- GOAL OF THE EXERCISE
Word for word, the data below must be repeated in full; no picture is to be included.

Top of DATA BELOW

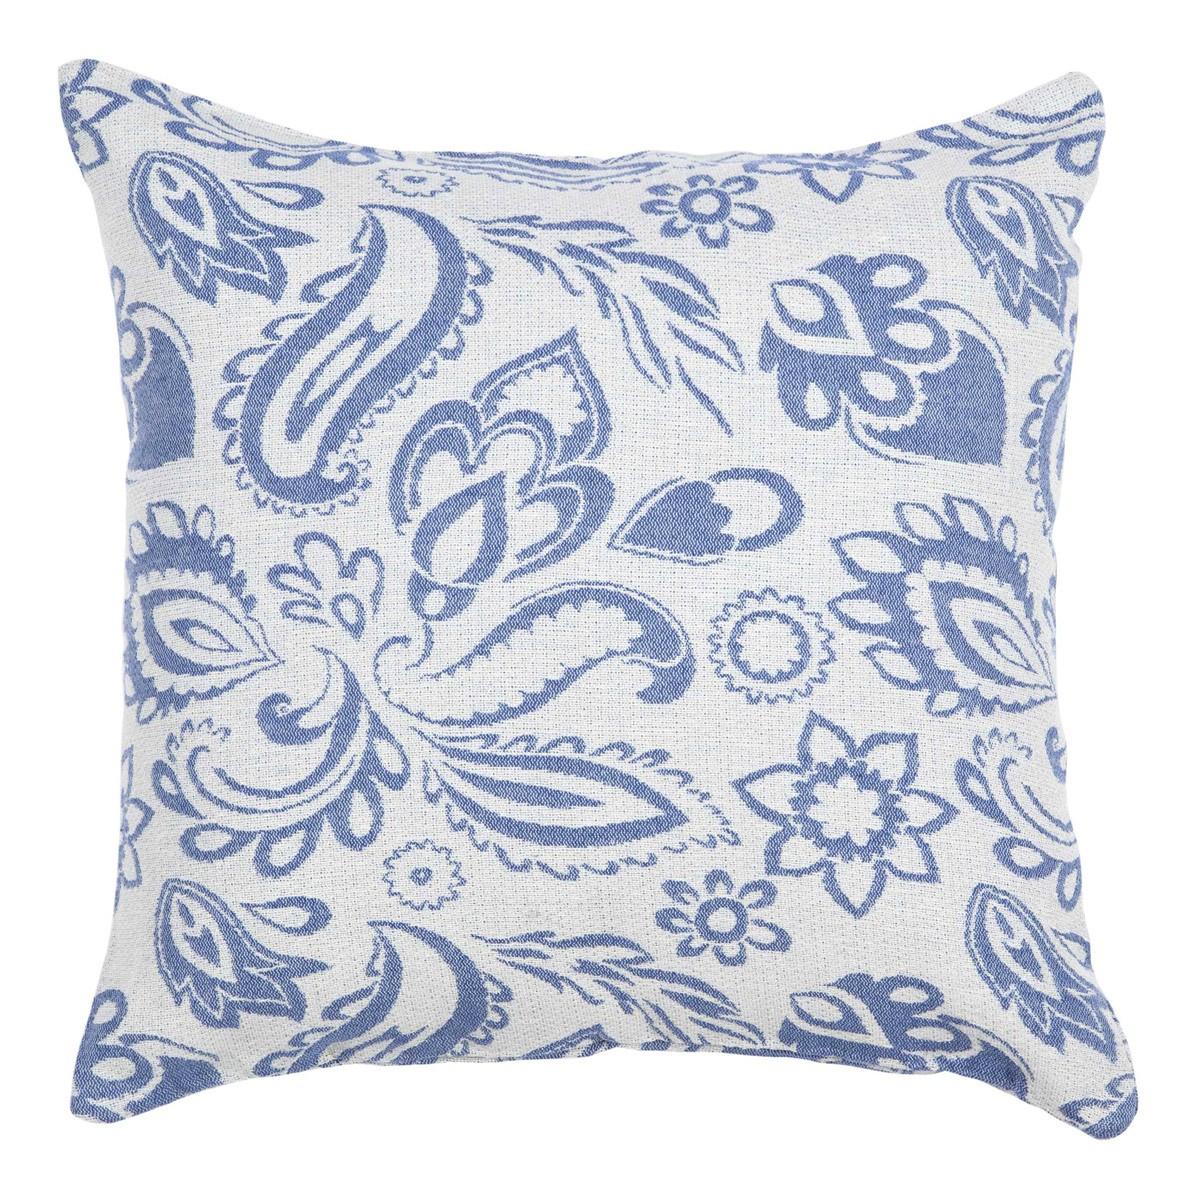 Διακοσμητική Μαξιλαροθήκη Nima Cushions Delhi Blue
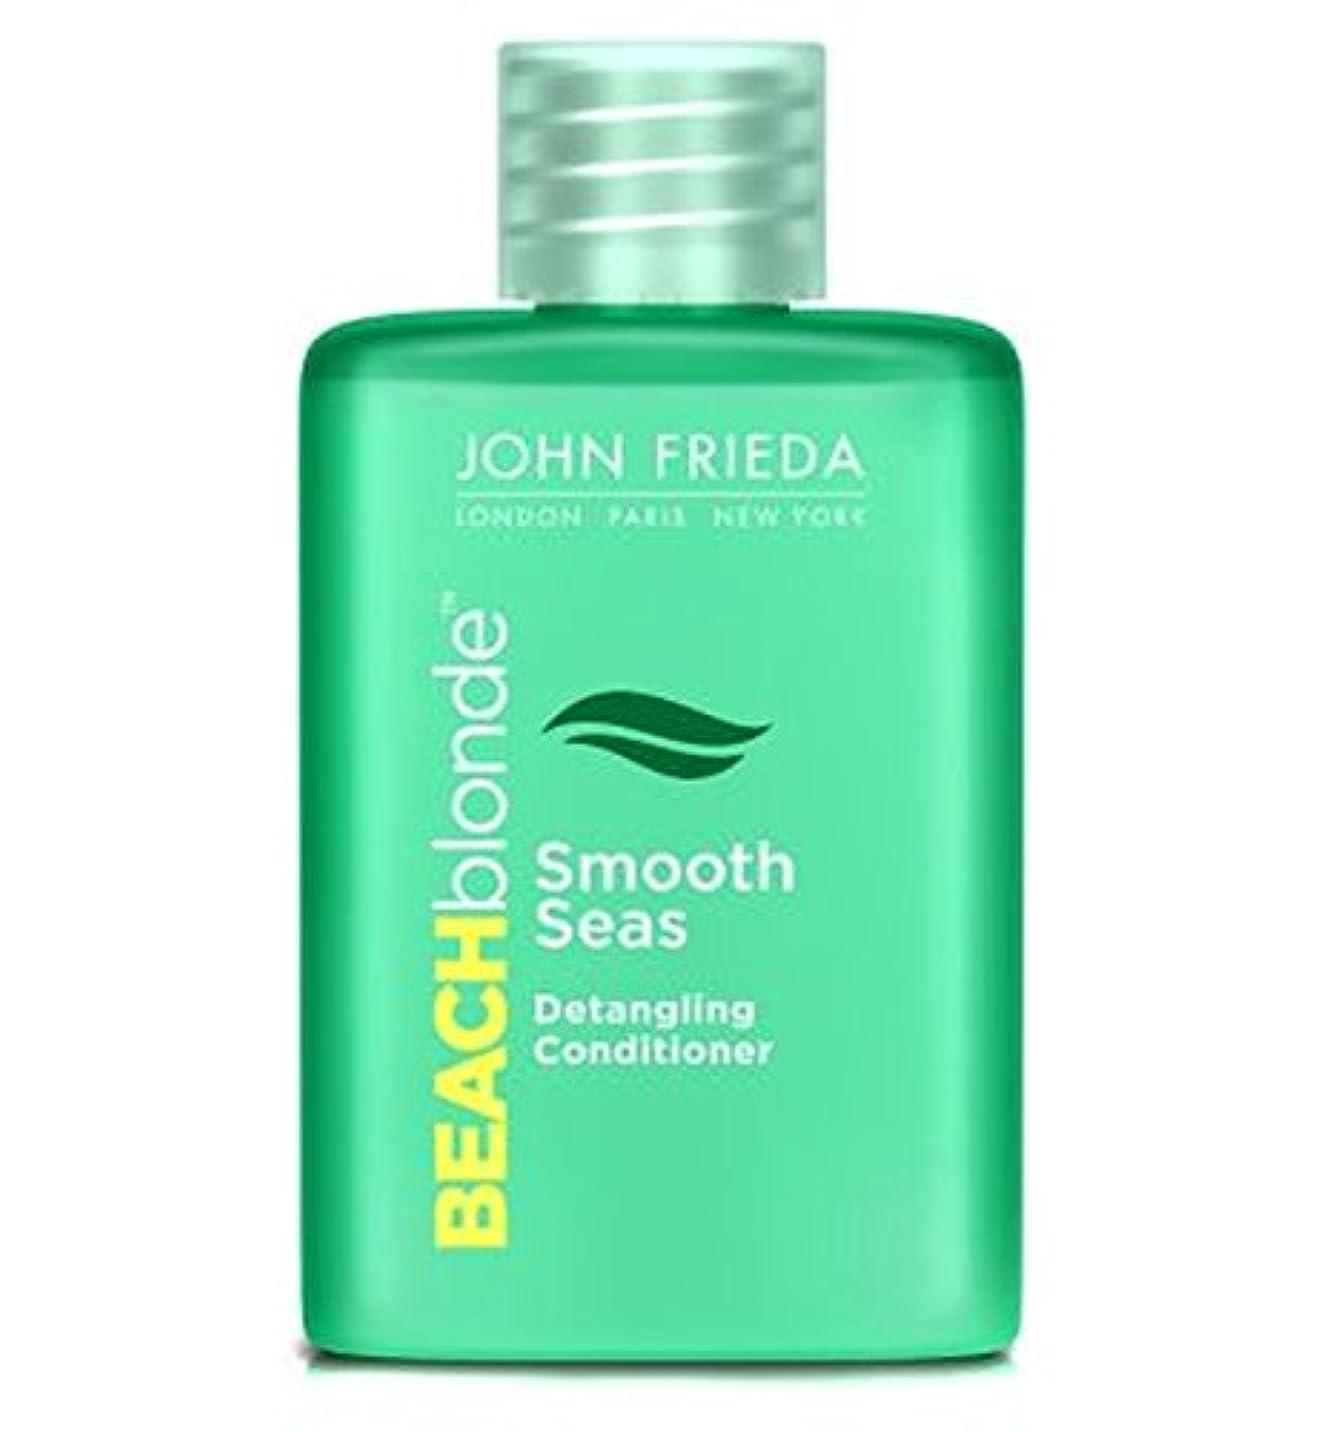 先雪だるま見捨てるコンディショナー50ミリリットルをもつれ解除ジョンFrieda?ビーチブロンド滑らかな海 (John Frieda) (x2) - John Frieda? Beach Blonde Smooth Seas Detangling...
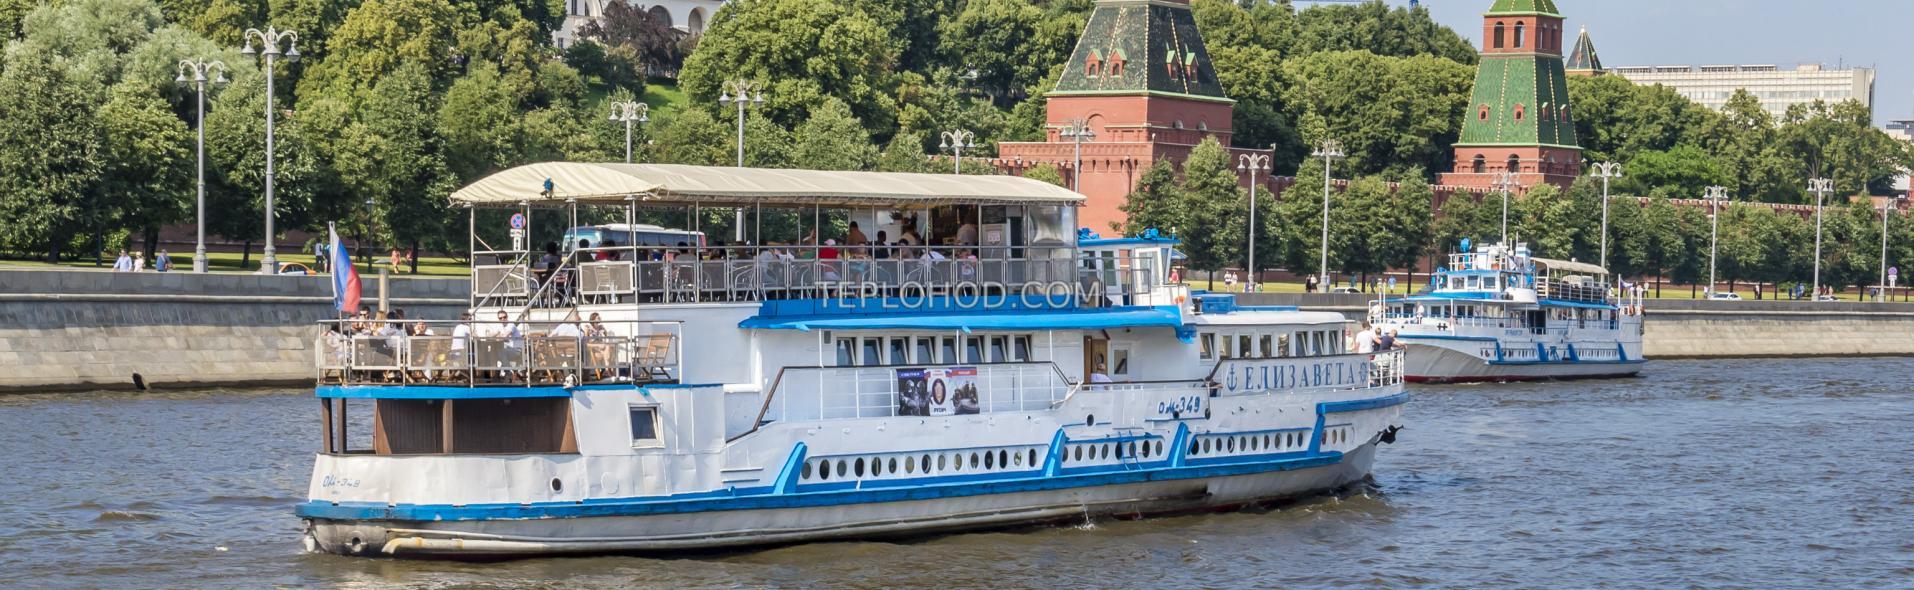 Московская речная прогулка по историческому центру с отправлением каждые 30 минут от Новоспасского моста
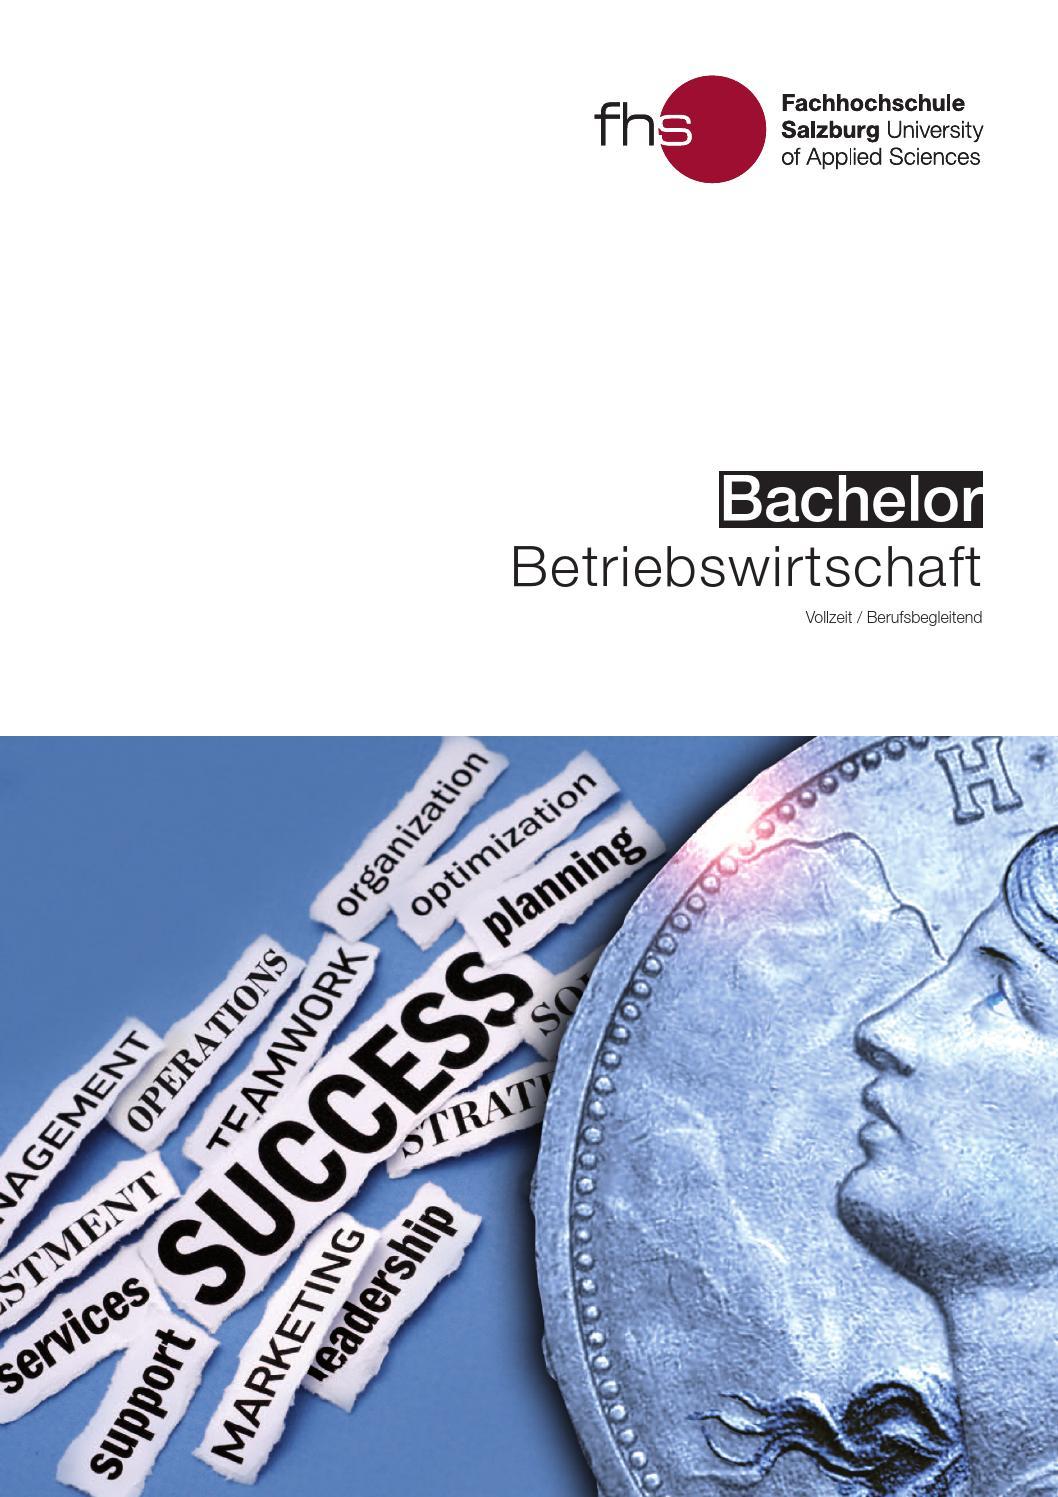 Bachelor f r betriebswirtschaft an der fh salzburg by for Betriebswirtschaft studium

Bottom of DATA BELOW

- REPLY
 Διακοσμητική Μαξιλαροθήκη Nima Cushions Delhi Blue
 先雪だるま見捨てるコンディショナー50ミリリットルをもつれ解除ジョンFrieda?ビーチブロンド滑らかな海 (John Frieda) (x2) - John Frieda? Beach Blonde Smooth Seas Detangling...
 Московская речная прогулка по историческому центру с отправлением каждые 30 минут от Новоспасского моста
 Bachelor f r betriebswirtschaft an der fh salzburg by for Betriebswirtschaft studium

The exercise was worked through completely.